Is there a maximum number of useful measurements? For example, if I take 20 measurements between ##x=1## and ##x=2##, and 1 measurement at ##x=20##, another measurement at ##x=2## won't really tell me any new information right? So shouldnt there be a maximum number of measurements, or a minimum distance between measurements based upon the standard deviation of ##f(x)##?
I am just curious: Do you know the distribution of the response y, and whether there is a significant linear relationship between the variables.

I am just curious: Do you know the distribution of the response y, and whether there is a significant linear relationship between the variables.
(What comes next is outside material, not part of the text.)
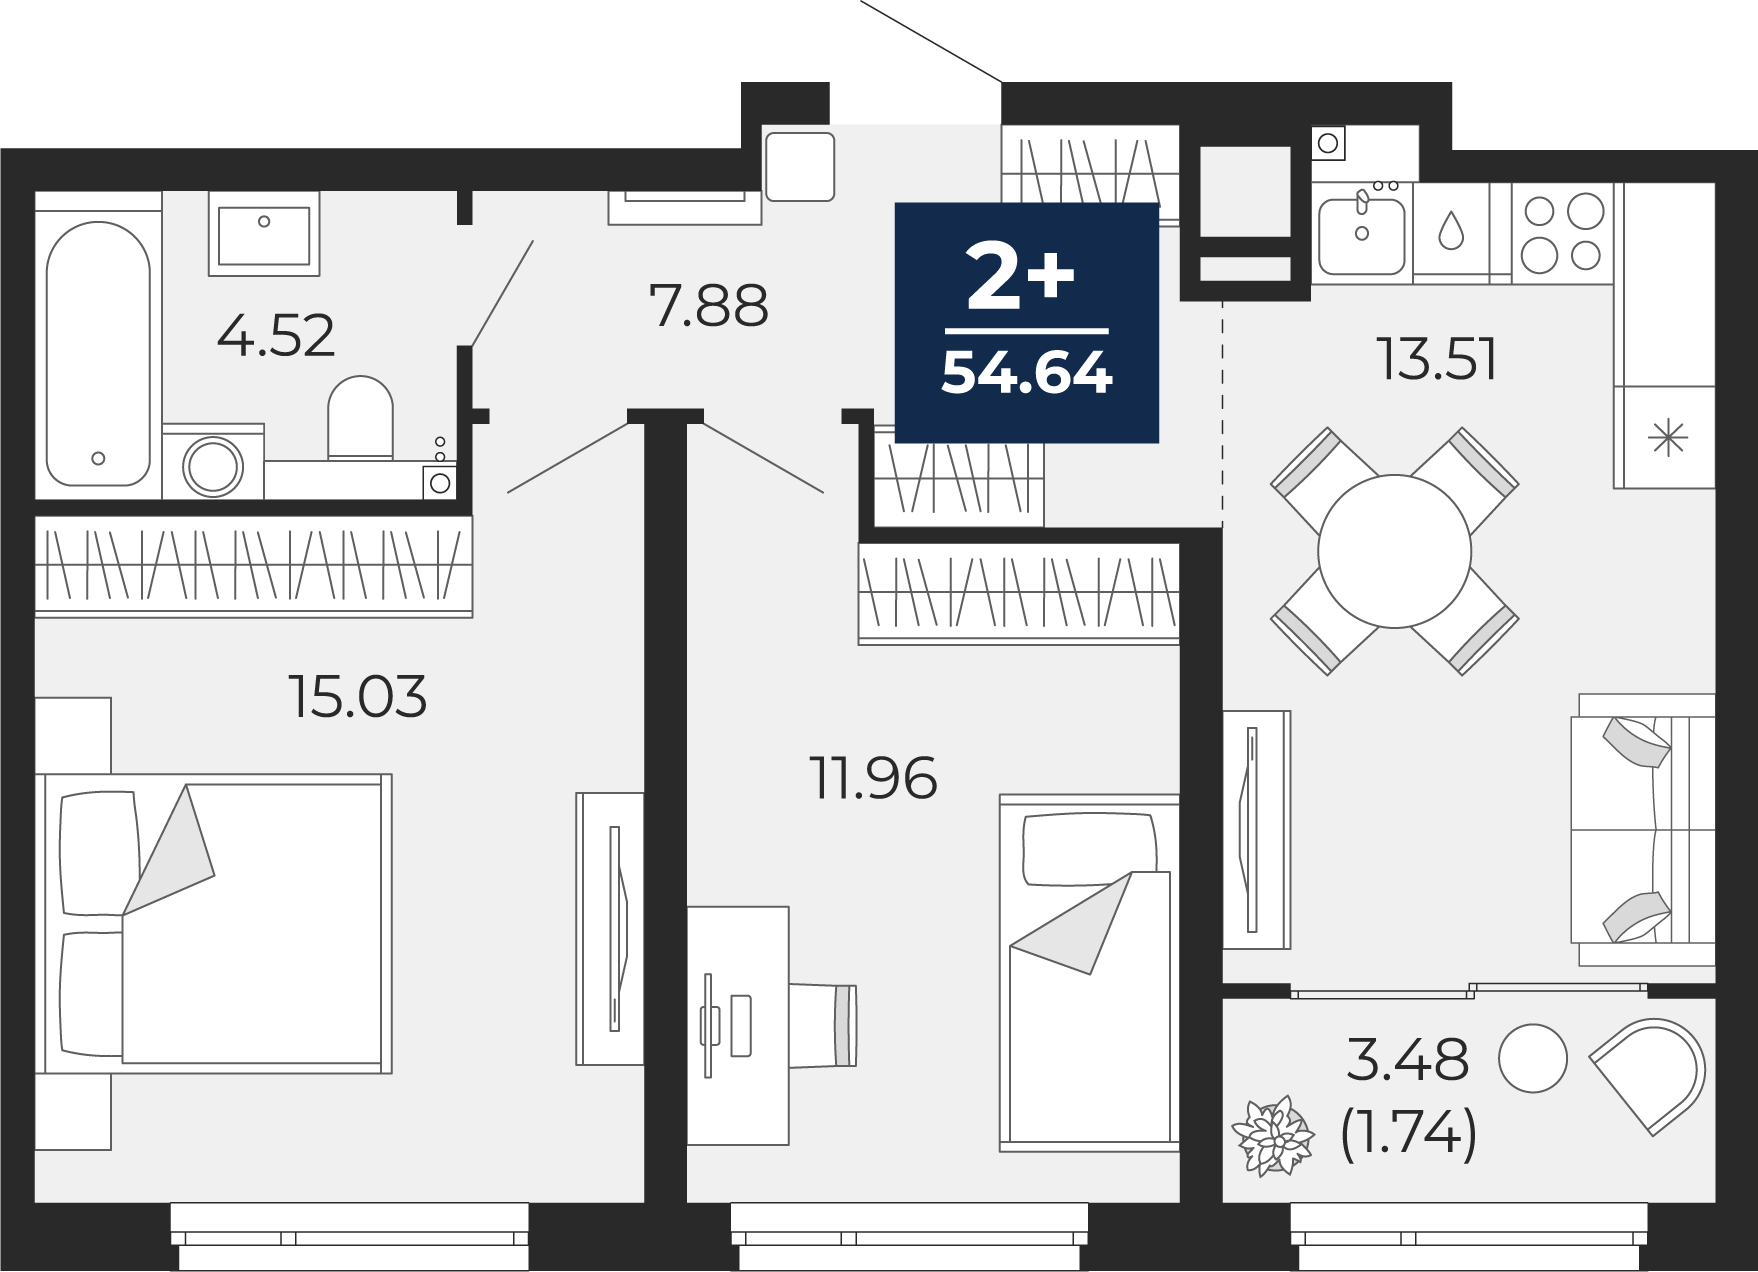 Квартира № 187, 2-комнатная, 54.64 кв. м, 8 этаж

In general, the higher ##X##, the higher ##Y##, but its non linear.
I read that ##2## ##x## coordinates don't give new information unless they are spaced apart a distance: $$\frac{1}{2\pi \sigma}$$ where sigma is my predicted standard deviation of ##x##, but I don't want to trust that unless I have an explanation, because intuitively the expectation of ##f(x)## should improve at a point, even if I take ##10## measurements at the same point, right?

FactChecker
I read that ##2## ##x## coordinates don't give new information unless they are spaced apart a distance: $$\frac{1}{2\pi \sigma}$$ where sigma is my predicted standard deviation of ##x##, but I don't want to trust that unless I have an explanation, because intuitively the expectation of ##f(x)## should improve at a point, even if I take ##10## measurements at the same point, right?